Embracing Jesus and recognizing His infinite goodness is key to becoming whole.

In this episode, we explore the importance of receiving Jesus as a gift, praising Him, and striving to become more like Him.

Tune in as we share valuable insights and resources from Regeneration Ministries that can help guide you on your journey towards a more whole and confident self.

With these tools and the support of a like-minded community, you can learn to walk in sexual integrity with confidence.

Ready? Let’s dive in!

What We Discuss:

  • 00:16 – If you want to walk in sexual integrity.
  • 02:29 – Do you see yourself as a good gift?
  • 04:09 – Love is confident and love requires confidence.
  • 05:43 – Why are we so drawn to attractive people?
  • 07:59 – The desire to be good and good gifts.
  • 09:15 – Confident love is confident.
  • 10:18 – We reach for and meditate on the good.
Transcription: The Connection Between Confidence and Sexual Integrity

Josh: Hey, everybody, glad you’re with me again. Hey, last week I talked about the role of our own sense of interior goodness, our own sense of goodness as far as in how it relates to our desire for our spouse. There’s just something good in that that I thought was worth revisiting. This week. I want to spend some more time on that because I think it’s going to really be helpful to you, as I know it’s helpful for me and my own considerations about my struggles with lust and the journey that I’ve been on for the last 20, 30 years with that. 

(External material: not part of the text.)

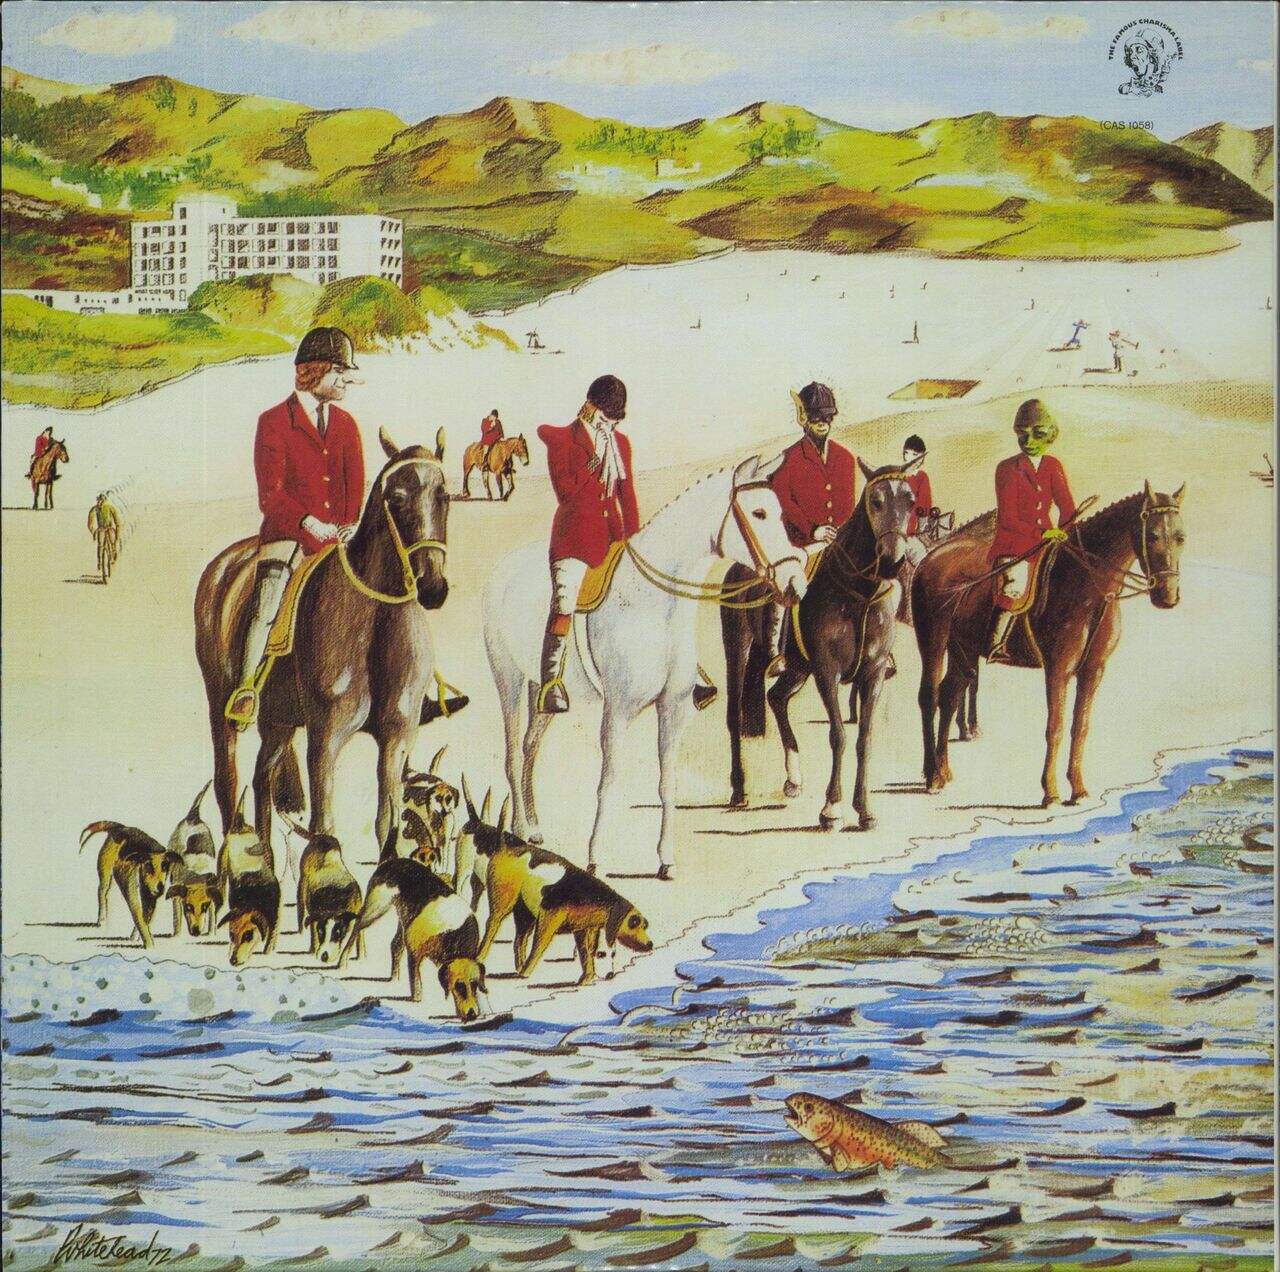 Genesis Foxtrot - 200gm US Vinyl LP

Josh: Let me start with this kind of premise statement and I’m going to unpack it for you. The premise statement is this that if you want to walk in sexual integrity, you’ve got to be confident. If you want to walk in sexual integrity, you’ve got to be confident. Now I know we live in a culture that talks a lot about confidence. We want to build yourself up, get to the gym, succeed in life, be confident. A lot of times when we’re talking about that, we’re really talking about pretending to be confident, like fake it till you make it kind of confidence. What I mean by confidence here is really that kind of deep sense of rootedness, of groundedness in your own value, your own worth, a deep in your bones sense, in your gut sense that God has made you and that you are good. Again, like I said last week, by good here I don’t just mean that I feel good or I feel positive or in some kind of generic way that I’m good, but rather that when you go shopping for fruit and you find a good piece of fruit, what you mean by that word goodness there is that this fruit is what it’s designed to be and it is ripe and it is ready and it is sweet. It’s a good piece of fruit or a good cut of meat. You know what I mean. It’s interesting that I’m using food there I’m going to come back to that in a minute because there’s something in us that I think desires to be good. In that sense, this is a good. I am good Deep inside my bones. I am good When I come into the world and I interact with other people or I say hello to people at my work, or I give my wife a hug, or I kiss my children, or my children come in with a question and I answer their questions, or I talk to them, or when I ask them on a date if I’m single, or when I get rejected, somebody says I don’t want to go on a second date. That’s something inside of us would still deeply know that we are valuable, that we are good. 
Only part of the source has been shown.